Pada jaman Yunani Kuno, ilmu budaya yang dimaksud oleh Drucker itu disebut sebagai artes liberales, yang dikemukakan oleh Cicero, dan dimulai sekitar abad pertama sebelum masehi. Artes liberales diartikan sebagai sebuah keahlian atau ketrampilan yang dijalankan oleh seorang warga negara bebas yang memiliki waktu dan cara untuk belajar. Artes liberales juga merupakan unsur pendidikan, yang menekankan pada pembentukan norma bertingkah laku, dan untuk mengetahui dan menguasai sekumpulan peraturan, menghormati nilai dan norma masyarakat, serta menghargai ilmu pengetahuan dan kebenaran. Walaupun waktu membuat sejumlah perubahan, tetapi menurut Linkletter dan Maciariello, terdapat unsur yang tetap dan tidak berubah, yaitu upaya untuk menanamkan serangkaian nilai yang disepakati bersama, atau keyakinan kebudayaan (Linkletter dan Maciariello, 2010 : 6).

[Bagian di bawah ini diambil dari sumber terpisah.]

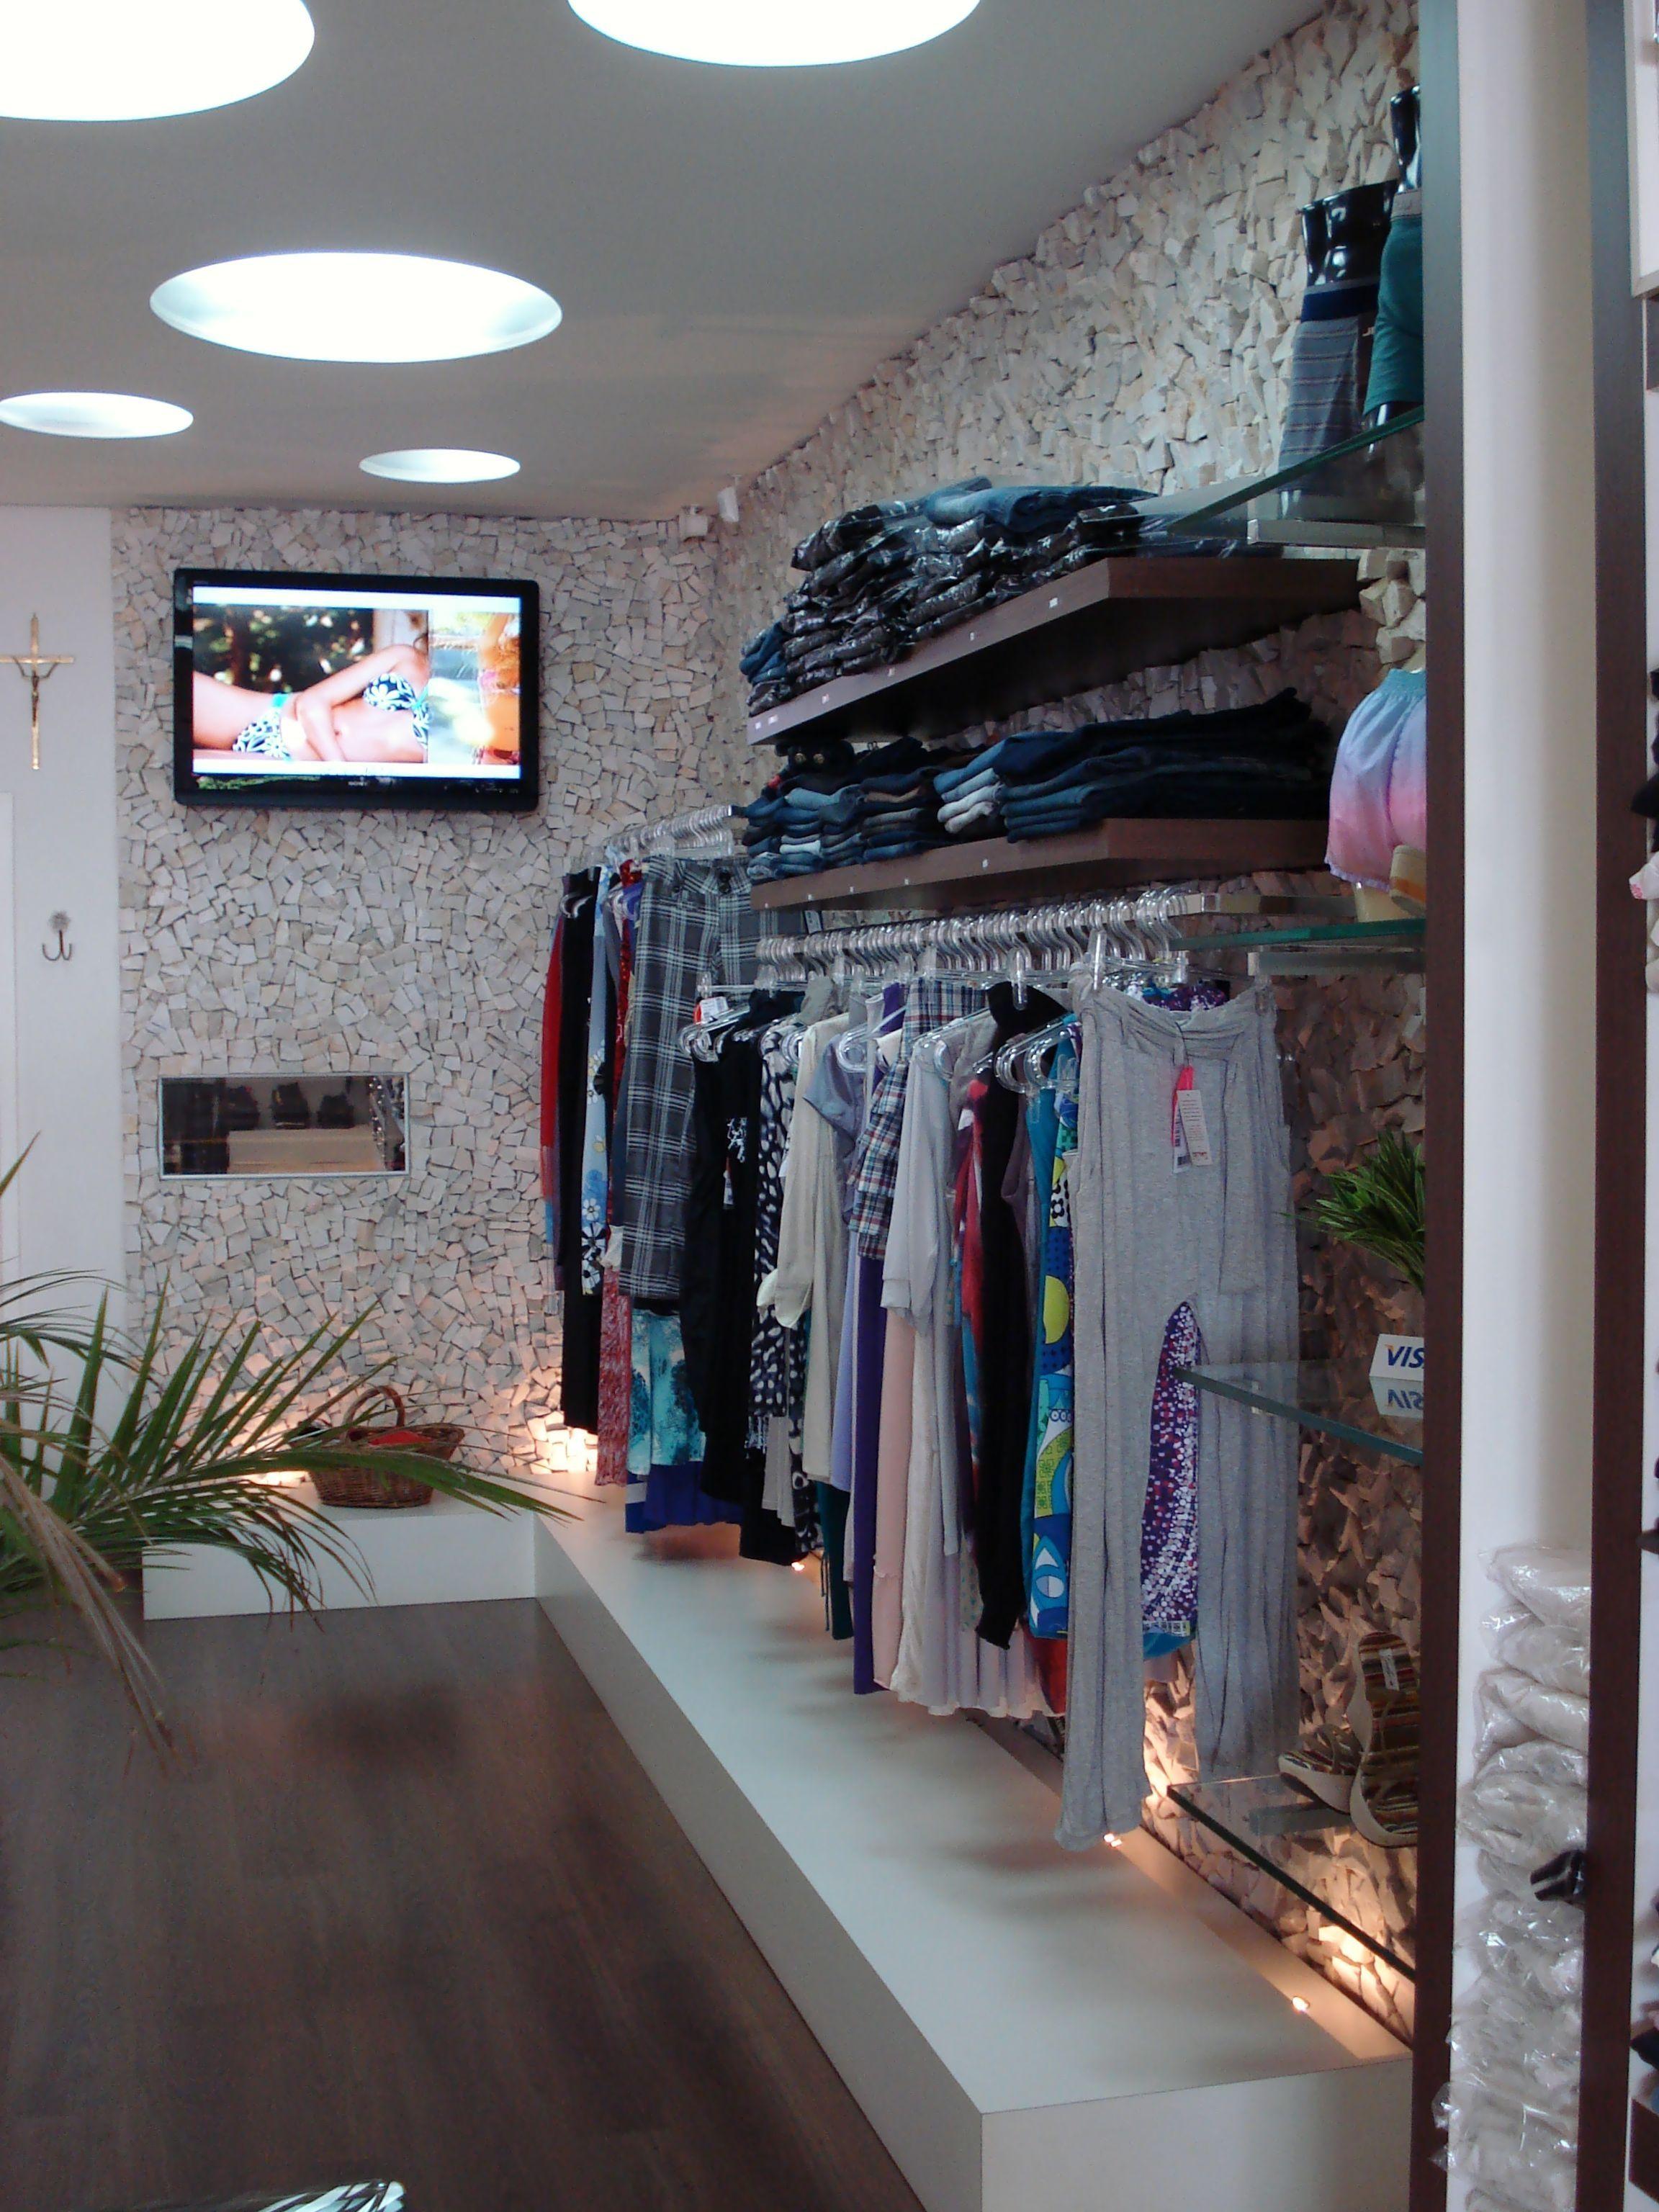 projeto de marcenaria para lojas de roupas pequenas Pesquisa Google Projetos de marcenaria  # Decoracao Para Loja Feminina Pequena

Dalam kaitan dengan budaya yang dimasud oleh Drucker atau Cicero di atas, disini dapat pula dikemukakan pendapat dari S. Takdir Alisyahbana. Beliau melakukan pengamatan terhadap sejumlah masyarakat, baik yang primitif, masyarakat Pisangan di Pasar Minggu, Jakarta, hingga masyarakat modern lainnya. Beliau akhirnya berpendapat bahwa soal ekonomi tidak dapat dipisahkan dari soal kebudayaan. Setiap perkembangan ekonomi memerlukan nilai-nilai budi atau kebudayaan, atau paling tidak sekurang-kurangnya dibentuk dari nilai-nilai semu. Hanya nilai-nilai ini yang akan  dapat mendorong orang untuk berusaha dan bekerja dengan teratur, sekaligus membentuk disiplin dalam bertingkah laku. Menurut Hasbullah, nilai-nilai ini merupakan suatu ide yang telah turun temurun, yang dianggap benar dan penting oleh anggota masyarakat. Contohnya adalah prestasi, kerja keras, kompetisi dan lainnya (Hasbullah, 2006 : 14).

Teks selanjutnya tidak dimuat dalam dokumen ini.